Tra questi due mondi esiste un equilibrio?
Secondo me sì. Esiste anche alla fine del testo, perché nel quinto atto, dopo che sono usciti tutti dal bosco, ogni battuta è il contrario di un’altra e, forse, Shakespeare trova l’unione nell’immaginazione che accumuna i poeti, gli attori, i teatranti, gli artigiani del sogno, gli innamorati e i pazzi. È nell’immaginazione che il Bardo concilia i due opposti: in quella di chi guarda e di chi recita.

E il Teatro è più razionalità o più immaginazione?
È un equilibrio sottilissimo fra le due.

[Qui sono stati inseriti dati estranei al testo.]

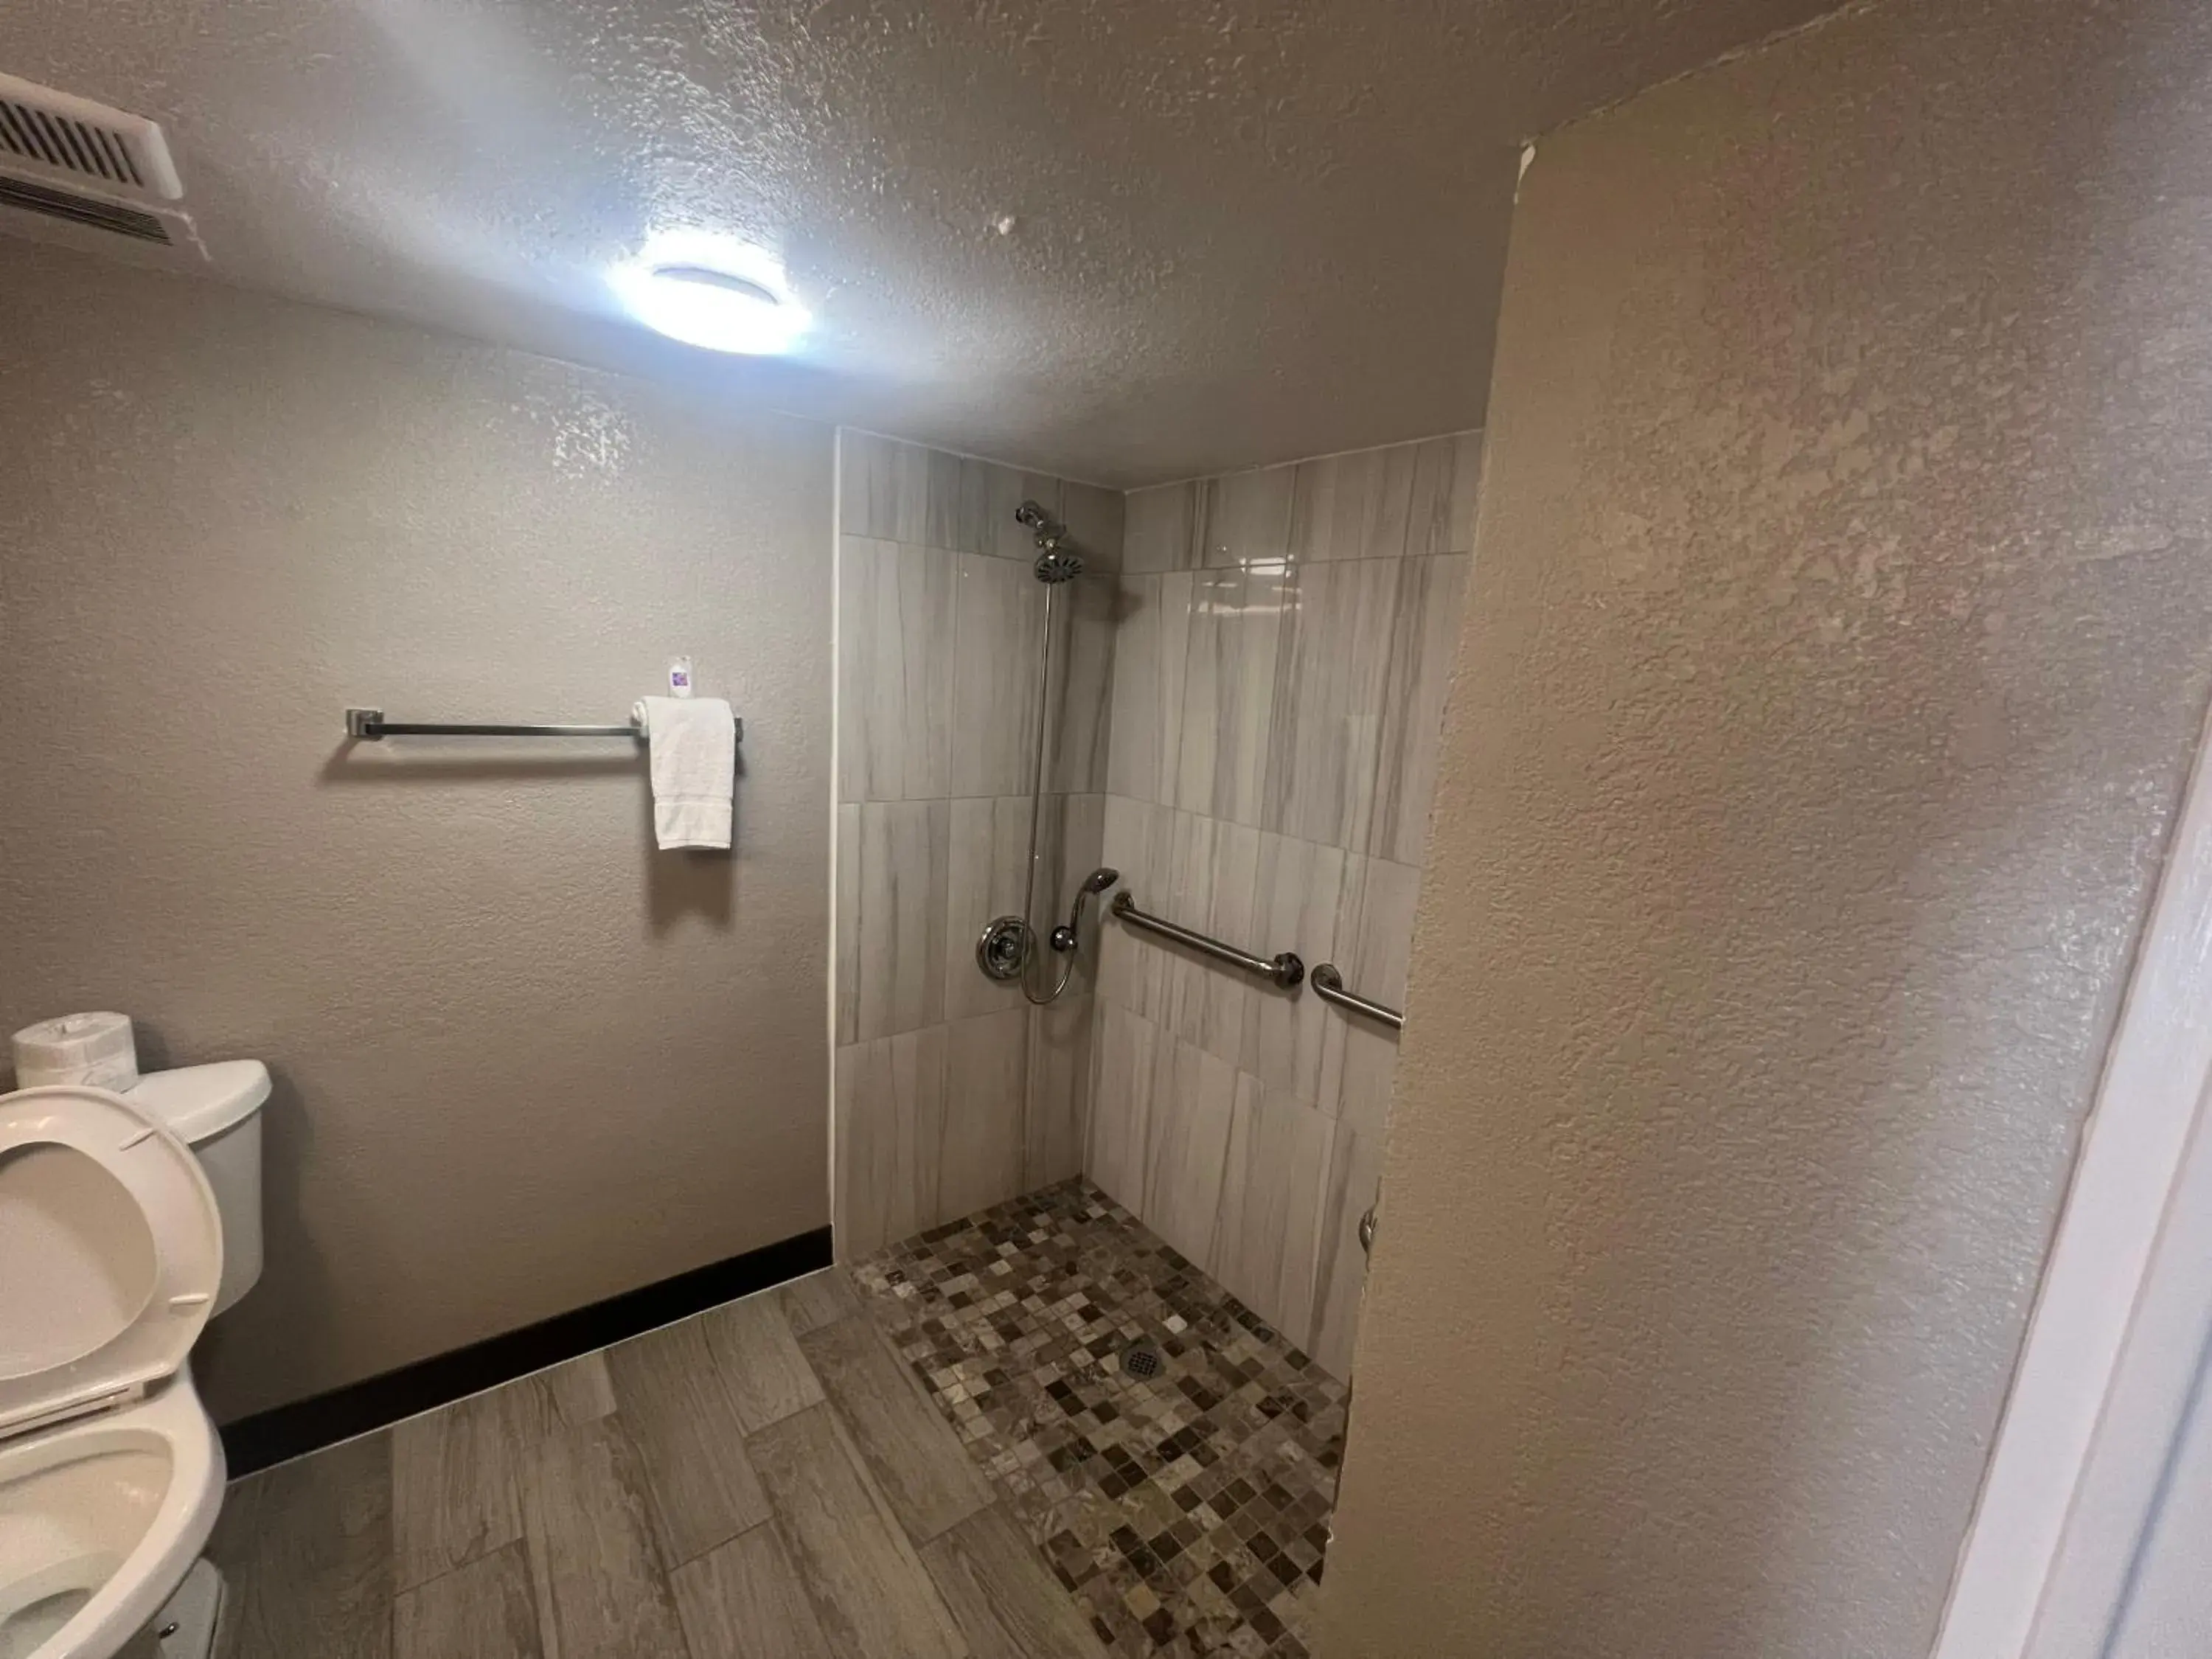 Shower, Bathroom in Motel 6 Glendale AZ

Una cosa che ho ripetuto continuamente agli attori è appunto che lo spettacolo, soprattutto per come l’ho impostato, è sempre in bilico, si regge su una lama e può diventare, da un momento all’altro, o una sorta di Zelig oppure un dramma noiosissimo. Non ho adottato un solo stile di regia, ma ne ho mischiati vari: ogni atto è montato in maniera diversa e ho cercato di trovare una coerenza nell’incoerenza. In questo testo, in particolare, l’intreccio è molto complesso, difficile, folle. Unisce artigiani, gente del popolo, con innamorati dell’alta società, duca, duchessa e fate: nello stesso bosco si incontrano mondi completamente diversi ed è in questa disarmonia che nasce l’armonia. Mischiarsi, perdersi, ritrovarsi e poi uscire completamente trasformati da questo bosco.

Tu sei uscito dal bosco?
Forse sì, ma forse anche no. Mi piace starci, magari comincio ad arredarlo (ride, ndr). A volte è solo un’illusione uscirne fuori.

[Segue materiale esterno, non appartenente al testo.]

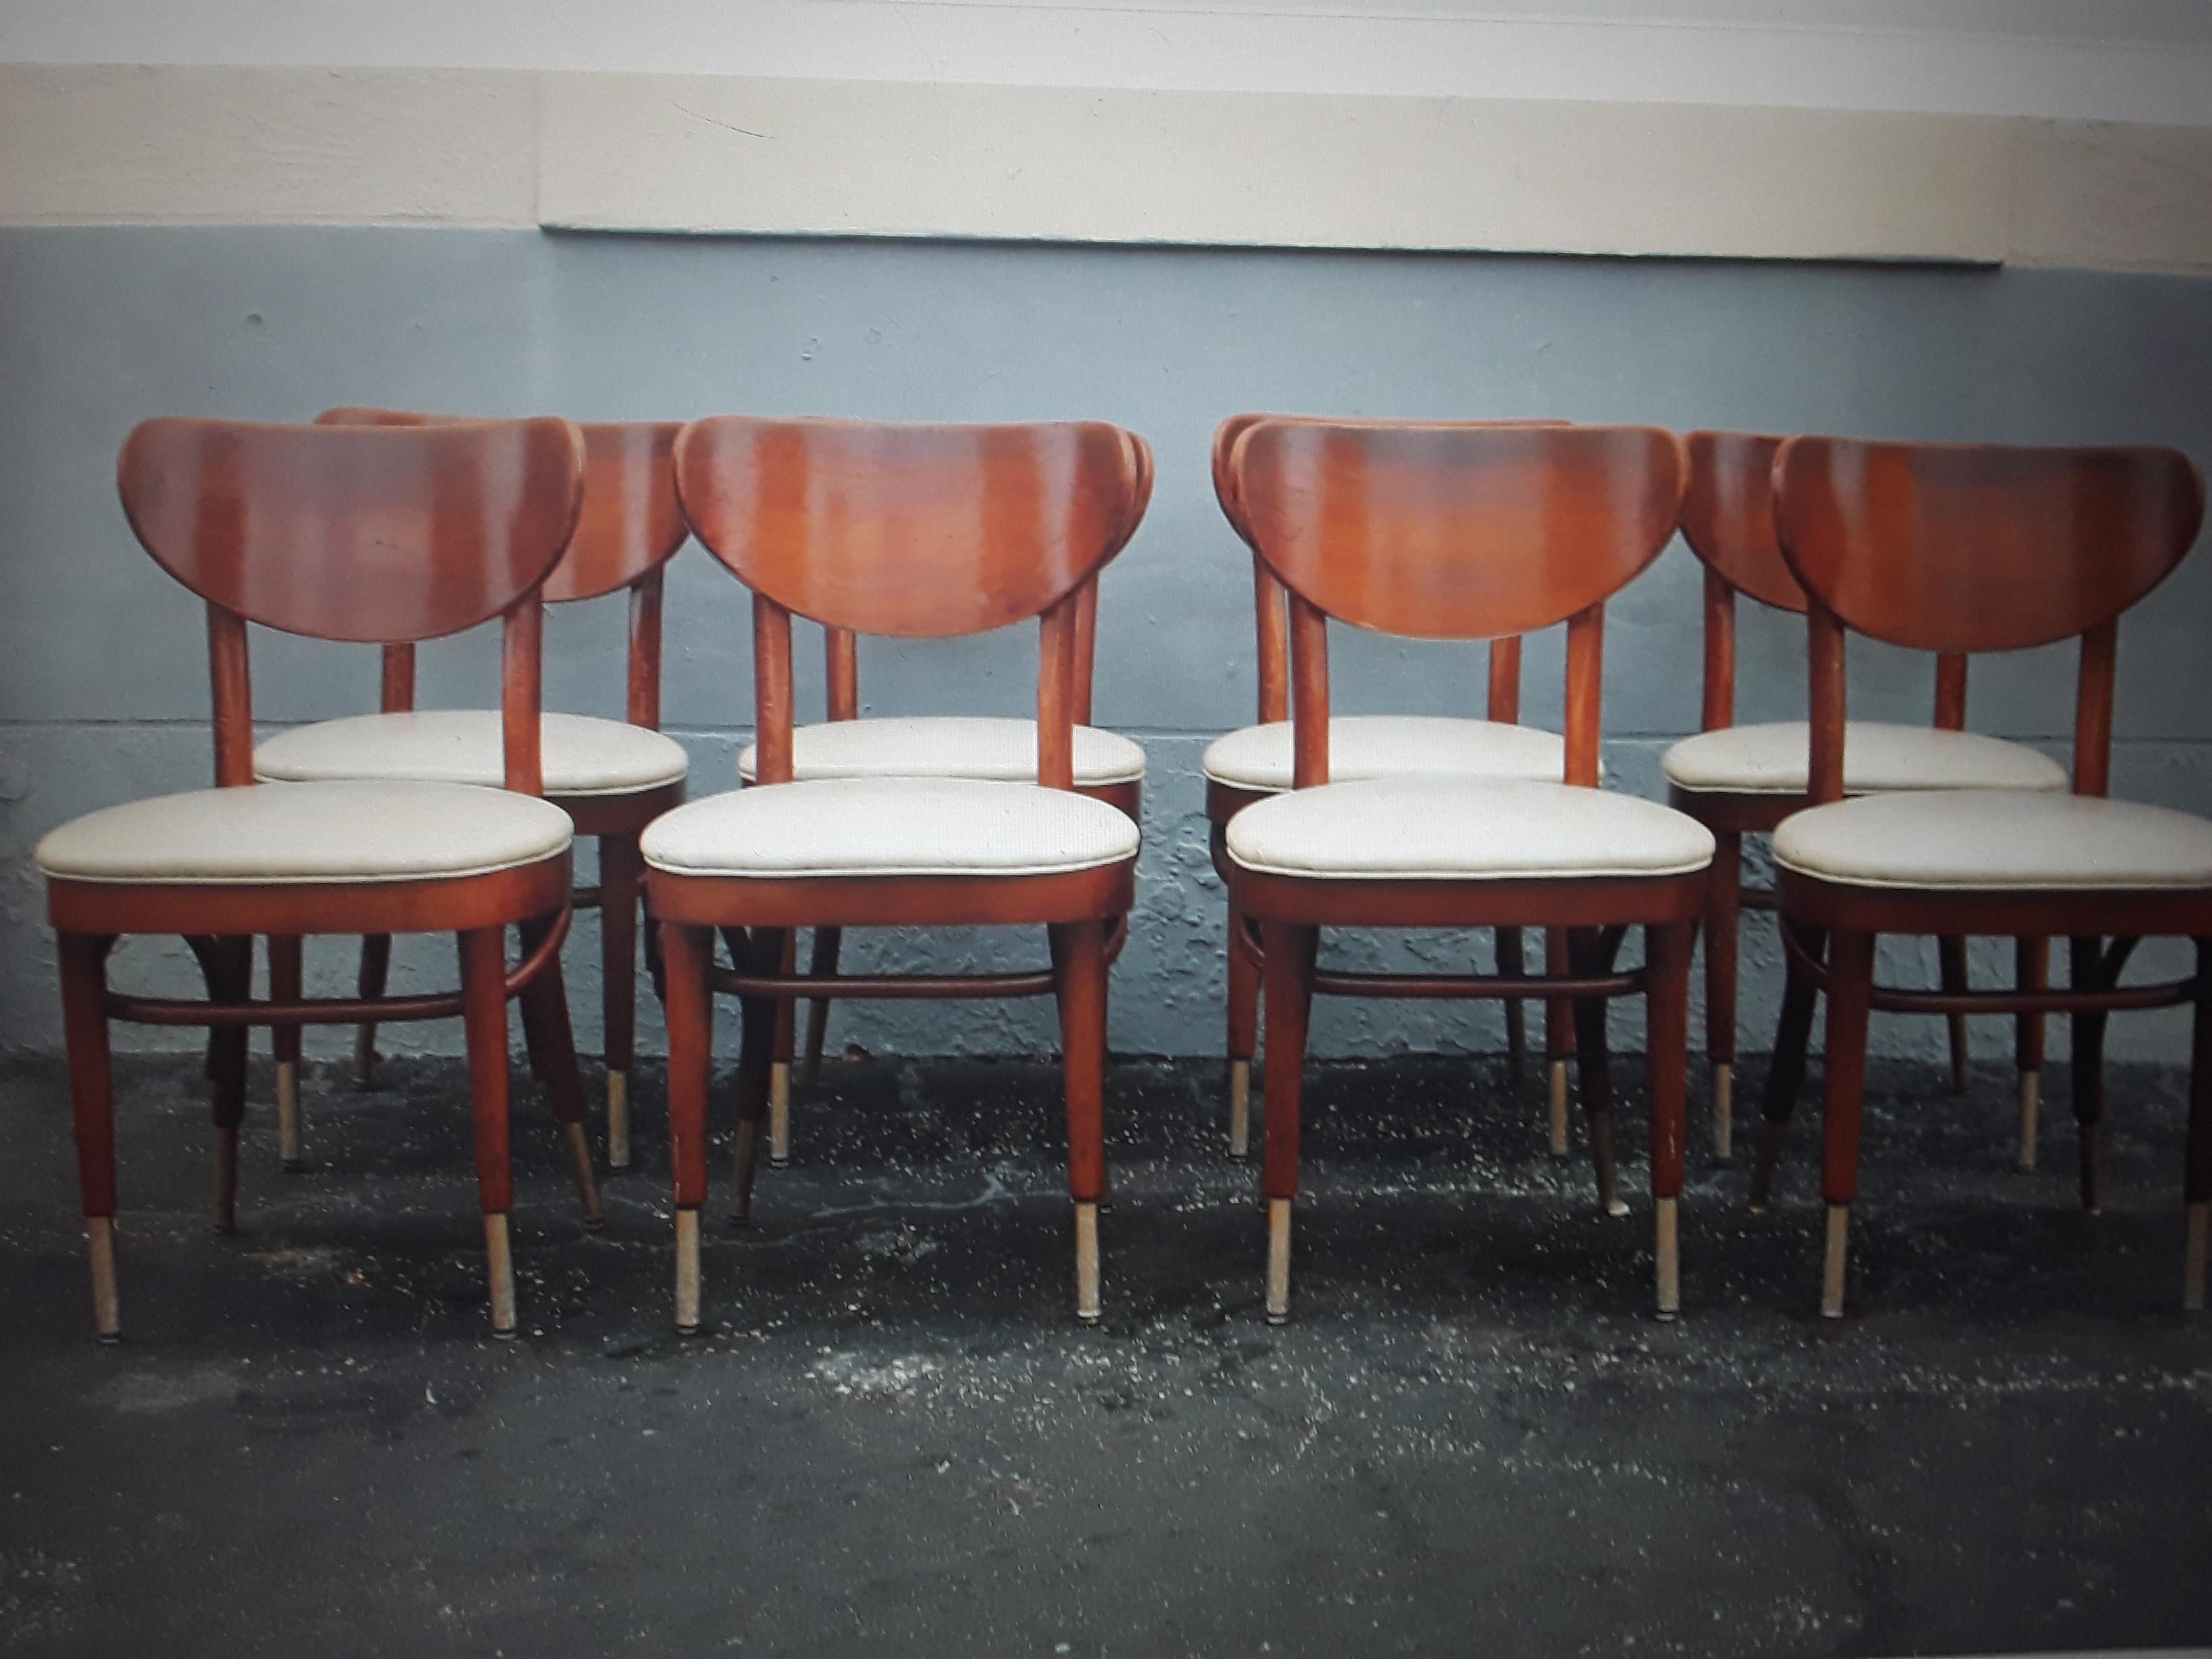 Ensemble de 6 chaises de salle à manger de style futuriste et moderne du milieu du siècle. Bois courbé et capuchons de sabot sur les pieds. Très belle série !

COPERTINACom’è stato dirigere quattordici attori?
Un inferno, un incubo! (ride, ndr) No, scherzo. È stato divertentissimo. Le prime domande che ho fatto sono state: ma come si fa a far fare l’artigiano all’attore nel 2018? E come si rappresentano le fate? Il rischio è cadere nella pantomima, nel ridicolo. Noi abbiamo trovato delle soluzioni, forse. O meglio: abbiamo cercato di portare in scena il problema, forse facendo delle scelte estremamente semplici e immediate, sia a livello di recitazione che di regia. Potrebbero premiarci oppure no, ma questa è la strada che abbiamo percorso insieme. Sono tutti attori che conosco molto bene, a cui sono molto affezionato. Con ognuno ho fatto un lavoro completamente diverso, quindi è stato difficile star dietro alle esigenze di tutti. Però è stato molto divertente, emozionante e ripagante vedere i risultati. Bisognerebbe avere più spettacoli con giovani attori, perché il teatro è un rito e più siamo a celebrarlo e più le energie che vengono tirate in campo sono forti.

Nel comunicato stampa si legge che questo spettacolo è, per te, un inno alla femminilità
Sono partito da un ragionamento: ci sono tante immagini in questo testo e anche un forte gioco di opposti. Il giorno e la notte, la città e il bosco, Teseo, che è la legge dell’uomo, e Ippolita, che è la regina delle Amazzoni conquistata da Teseo ma che segue le leggi della natura. C’è una battuta che mi ha fatto riflettere: Teseo condanna a morte Ermia e, prima di uscire, chiama Demetrio ed Egeo con sé e anche Ippolita, alla quale chiede che cosa abbia. Nella versione inglese questa domanda suona come: cosa ti turba? Sicuramente in quel momento succede qualcosa ad Ippolita, la quale sta zitta per tutto il tempo e che, secondo me, esce molto arrabbiata dall’affronto che Teseo fa alle donne tramite la pena inflitta ad Ermia, ragazza che deve obbedire alla volontà, alla legge del padre Egeo, il quale non cambierà mai, neanche dopo essere uscito dal bosco e con Teseo che acconsente al matrimonio della ragazza con il suo innamorato: Egeo continua ad appellarsi alla legge, per ottenere un’unione che garantisca la successione in linea di sangue e Teseo lo blocca affermando che solo la sua volontà è legge. Da quel momento Egeo sparisce. L’idea era, quindi, di estremizzare molto questi opposti: se Teseo è la legge che governa di giorno, allora che sia Ippolita a diventare Oberon e a regnare di notte. E poi capire come il maschile si ricompatta al mattino successivo dopo le vicende notturne. A me sembra che in tutto il testo ci sia un’invocazione continua al bisogno di riconciliare i due opposti – si citano spesso la luna, la dea Diana… – e io sento, come essere umano, il bisogno in questa società di una riconciliazione del patriarcato, che si sta autodistruggendo, con la sua parte opposta, che il patriarcato impari da essa. E viceversa. In questo senso è un inno alla femminilità: vuol dire accettare tutta una parte emotiva e irrazionale che la società maschile reprime e non considera, che tiene da parte. C’è bisogno di unire le due cose, di stare in ascolto dei propri pensieri ma anche delle proprie emozioni. Non si può essere più solo Teseo o solo Ippolita.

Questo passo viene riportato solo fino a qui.